My GP wasnt sure so gave me chlormaphenicol eye drops (it doenst feel like an infection though) and I have a very good opthalmologist who thought it was an allergic reaction to something so have eye drops and oral anti histamines.
I started letrozole around the same time so I dont know if this is lingering effects of docetaxel - has anyone else experienced this? - or is it the letrozole?
You brightened up my morning. I am about to start my fourth cycle of FEC-T the T part although I'm not sure if I'm having the whole lot as in the FEC part also or is it just the T? This was the reason I came on here to find out more when I came across your hilarious account of chemo. We have to laugh at ourselves to get through it and you're right, there is always one day where you just cry and tell yourself you want to die. I dread nausea, weakness, the bone aches, the tiredness and the watery eyes, and I can't wait until that stops I can tell you. Don't get me started on the injections although they are doing good they make me feel like utter crap. I still have a blue boob and i've become quite attached as I've never had a tattoo before but its now fading and I feel kind of sad about that in some weird way? I know you wrote this master piece over a year ago but it was so well written that I had to contact you and just say I hope you're in a better place now and all is well.
For anyone starting chemo, I will never lie to them. Chemo is hard and sometimes nasty but doable and like you, I always stop and remind myself mid meltdown that there are people out there who are much worse off than me.
Thanks again for brightening up my morning!
I need to know how long your side effect last due to docetaxel.
I have taken 2 injections as at now. but still I didnt get my appitite.
doctor says it cant be due to the injection.
but i dont believe that.
Hello everyone, you will no doubt guess I am not female nor am I being treated for breast cancer but I have had three treatments of docetaxel so far and have been viewing various forums to calm myself regarding side effects.
I admire you all so much and am heartened by so much positivity, I hope you all have excellent outcomes.
My quick story is a nasopharyngeal cancer detected about three years ago. Low dose chemo and 35 radio treatments seemed to have cured it, so I had a relatively trouble-free 6-8 months in 2014. Then some back pain arose and persisted and they found a metastisis in the form of a tumour in my spine. I underwent spinal surgery, radio and chemo from January 2015. Then, early this year, a routine scan showed that the tumour had re-grown so another spinal operation, three rods inserted this time and starting on docetaxel which is apparently known to be beneficial for other cancers. Oh, and the scan showed that I had some new little spots of cancer.
The docetaxel gives me aches and pains, small rash, tiredness, bloated stomach with a constant gnawing discomfort, increasing neuropathy, constant blowing of my nose, hair loss and a general feeling of crap. Not sure if the occasional down mood contributes to some of this or not. My sleep has gotten worse....a sense of bone pain (more a nagging ache) seems to make me take hours to fall asleep.

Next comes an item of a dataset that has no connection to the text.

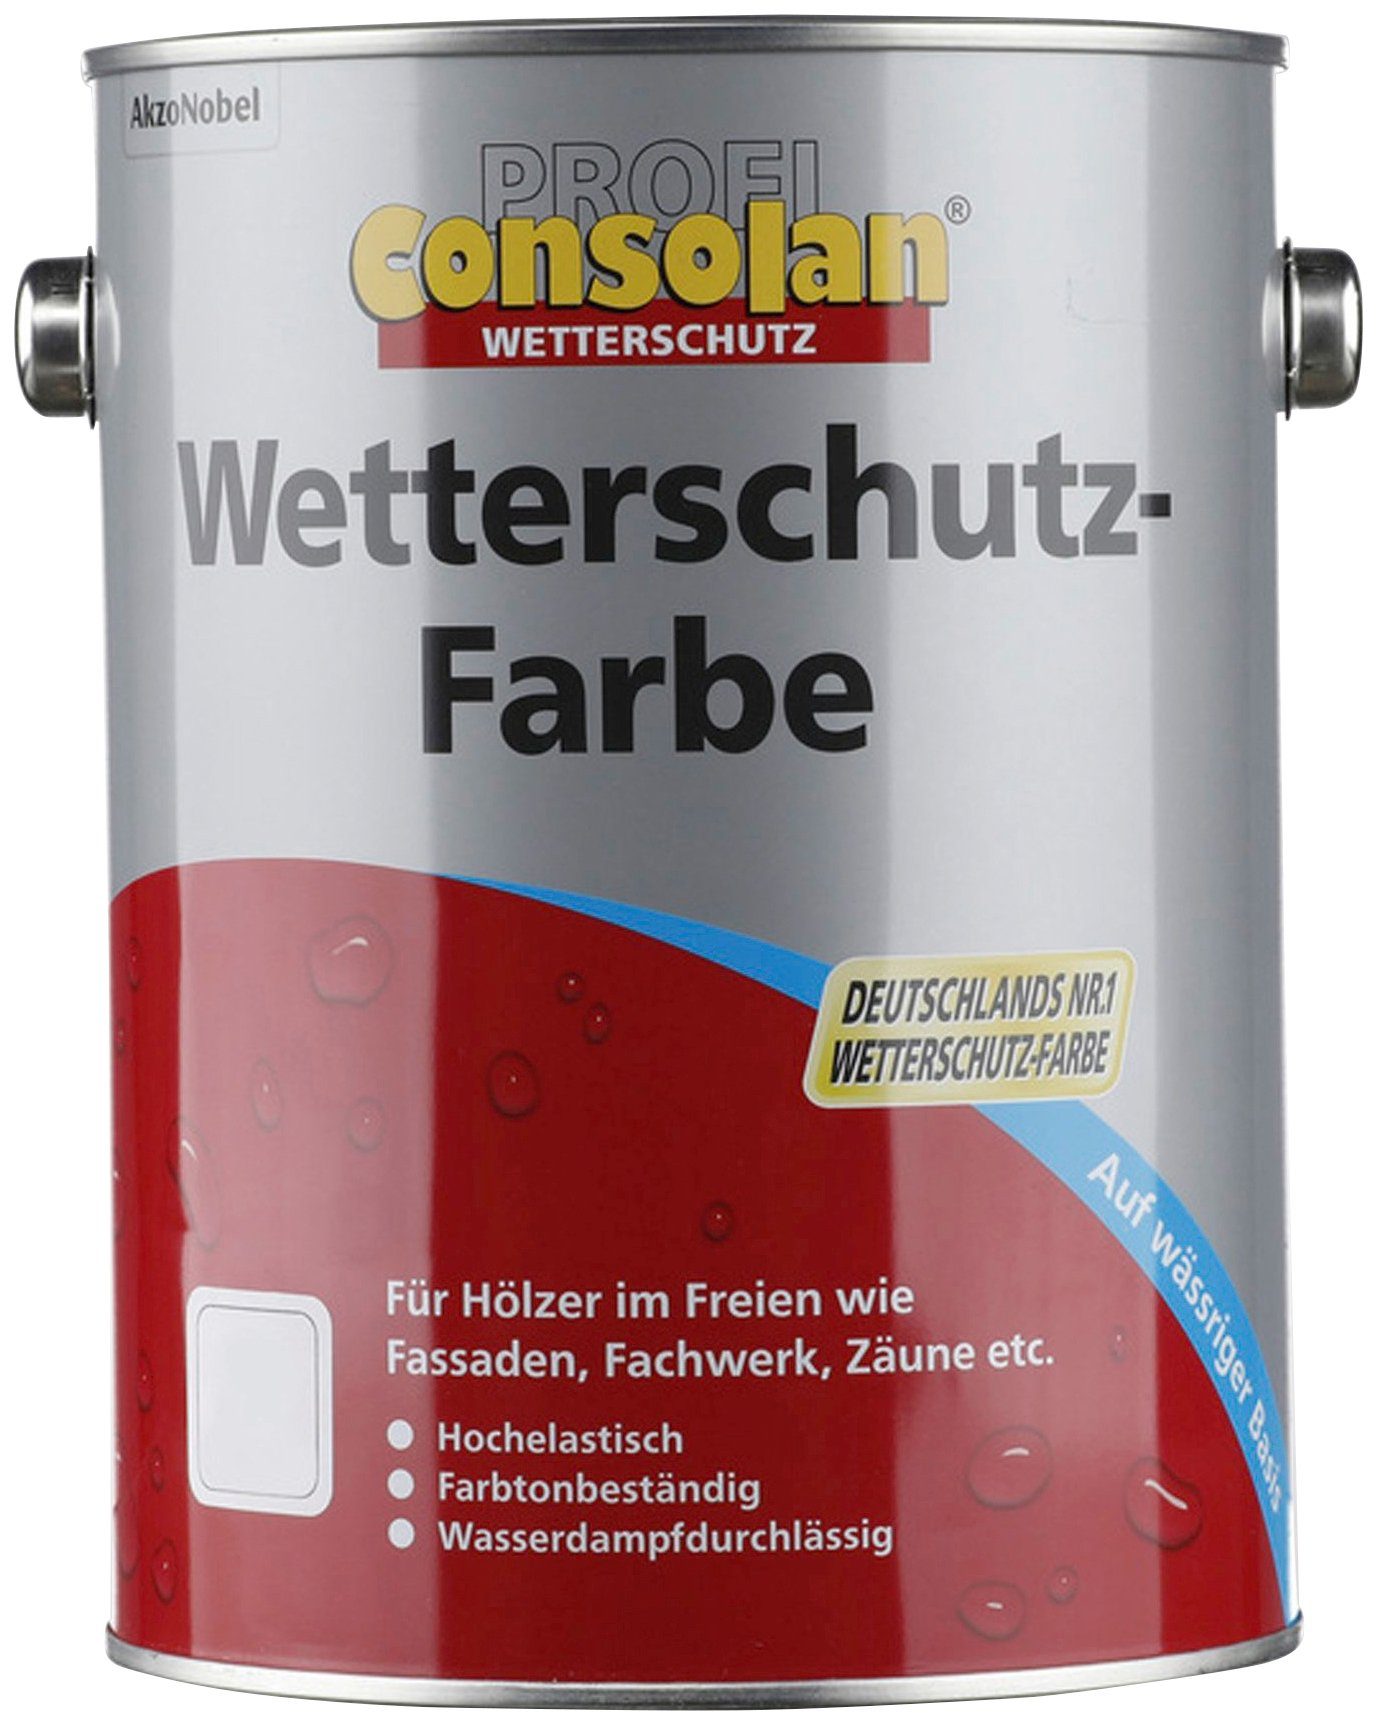 Holzschutz, Liter, Profi Consolan  Wetterschutzfarbe 2,5 grau

I had scan last week and get results in a couple of days so anxiety is also a factor.
Just wanted to share my story to see if others are experiencing some or all these effects (besides those I've already read) and to thank you all for contributing to such a forum which really does help people like me to hear about real people dealing with this particular chemo drug.
All the very best.
Hi Helen, what a great post you have written. So much useful information and some funnies thrown in as well!!!. I am due to start chemo 3 x FEC and 3 x Docetaxal next week hopefully and was wondering how these drugs affect you, but your post has answered many of my questions. Thank you 😊. Still apprehensive but need to get through this treatment. A big thank you xx
I thought some people here may find it helpful to have an update from my experiences with Docetaxel and FEC. I write a blog and I`ve had a number of comments from readers who about to start treatment who would like to know what may be ahead. I know everyone`s journey is different. Here is mine so far.....

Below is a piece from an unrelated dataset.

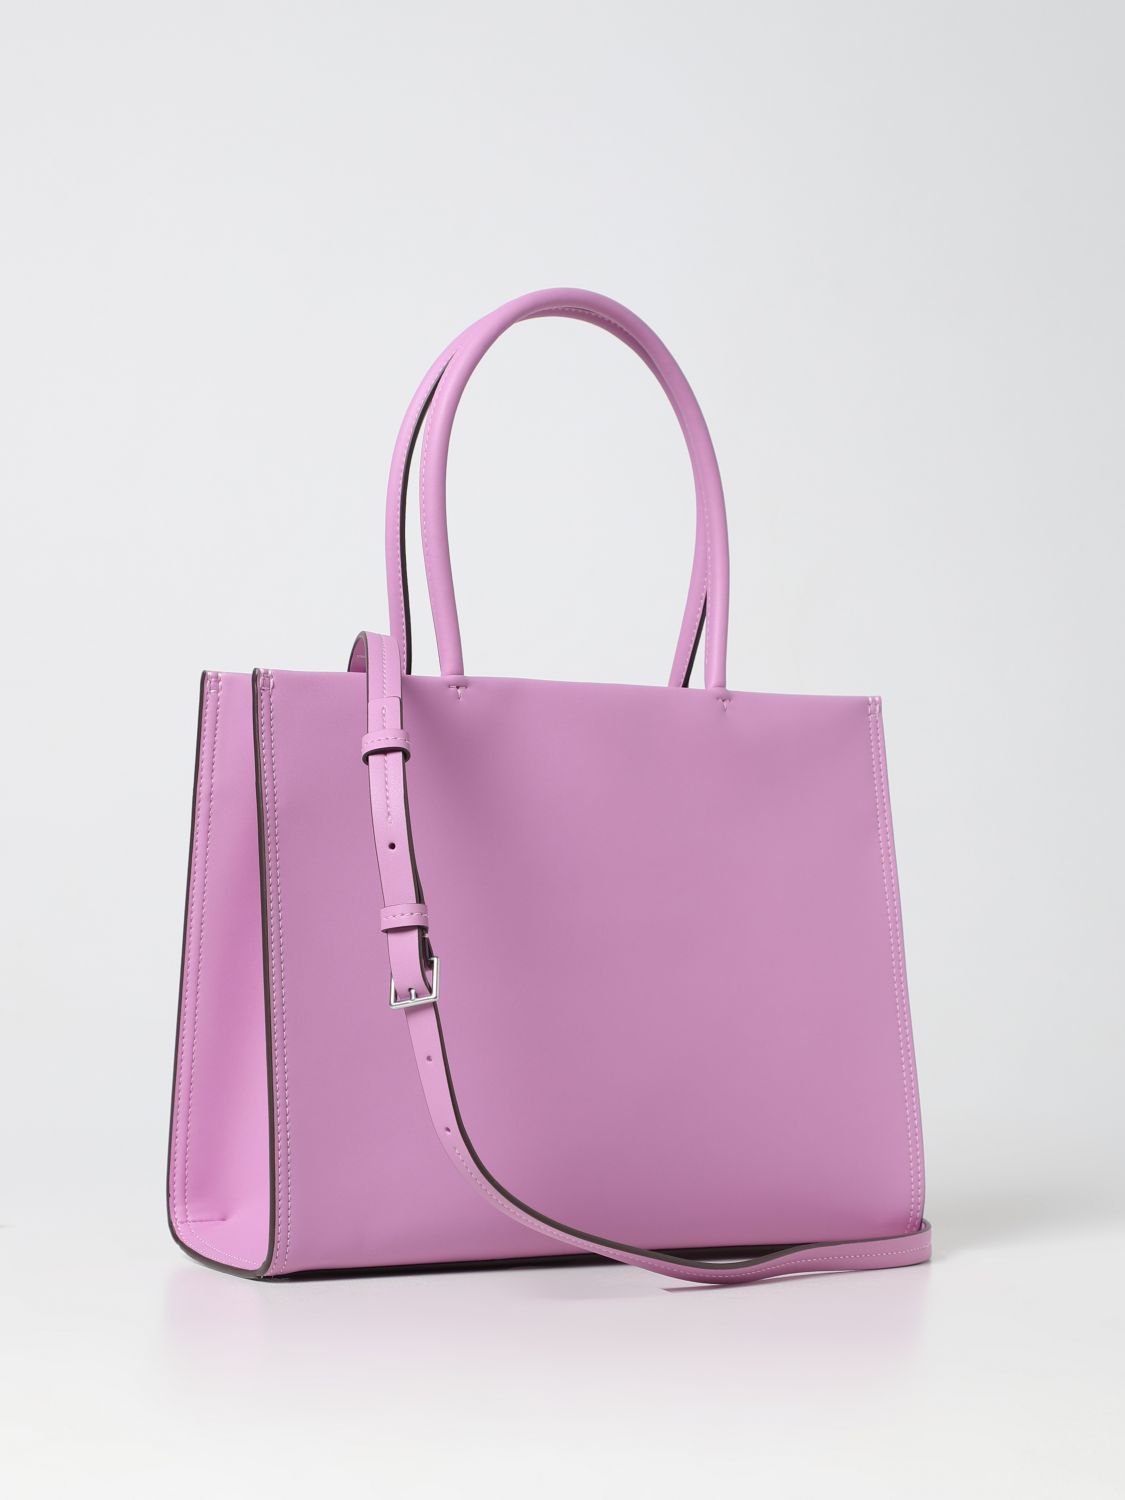 Tory Burch Bags & Handbags for Women for sale

I had my sixth and FINAL chemo yesterday and I am still quite high on happiness that this part of my treatment is now over and also the steroids make me feel quite happy. The feeling reminds me of when I was a young gal (I`m 62) and used to smoke a bit of pot with my mates and then get the munchies. Steroids definitely give me an appetite although I know they don`t suit everyone. Another really nice side effect of my treatment is that one of the drugs, steroids again probably, stop my hip arthritis from hurting so for the last two weeks of each cycle I have been arthritis, sciatica and bone ache free which is wonderful.
The first three treatments I had were a drug called Taxotere, in the UK it`s often referred to as Docetaxel (dosi-taxle.) This made my bones hurt a lot but I quickly remedied that with large mounts of Ibuprofen. Having checked with my doc` if this was ok, to take 800 mgs in one dose in the morning and then the pain would go away all day, with a little smile playing about his lips he said it was fine and wouldn`t kill me so that is what I did. I think he was being ironic. I took a co-codemol at night, 500mgs for around 5 days. You really don`t have to put up with pain and I urge you to seek the advice of your doctor like I did. Other than that, the Neulasta injection which is self injected to increase your white blood cells, also increased my bone and back ache but all of these side effects go after 7 – 10 days so even when you are at your lowest ebb and weeping in the park (it`s where I go to have a good cry) you can comfort yourself with this because it`s a common experience for many people.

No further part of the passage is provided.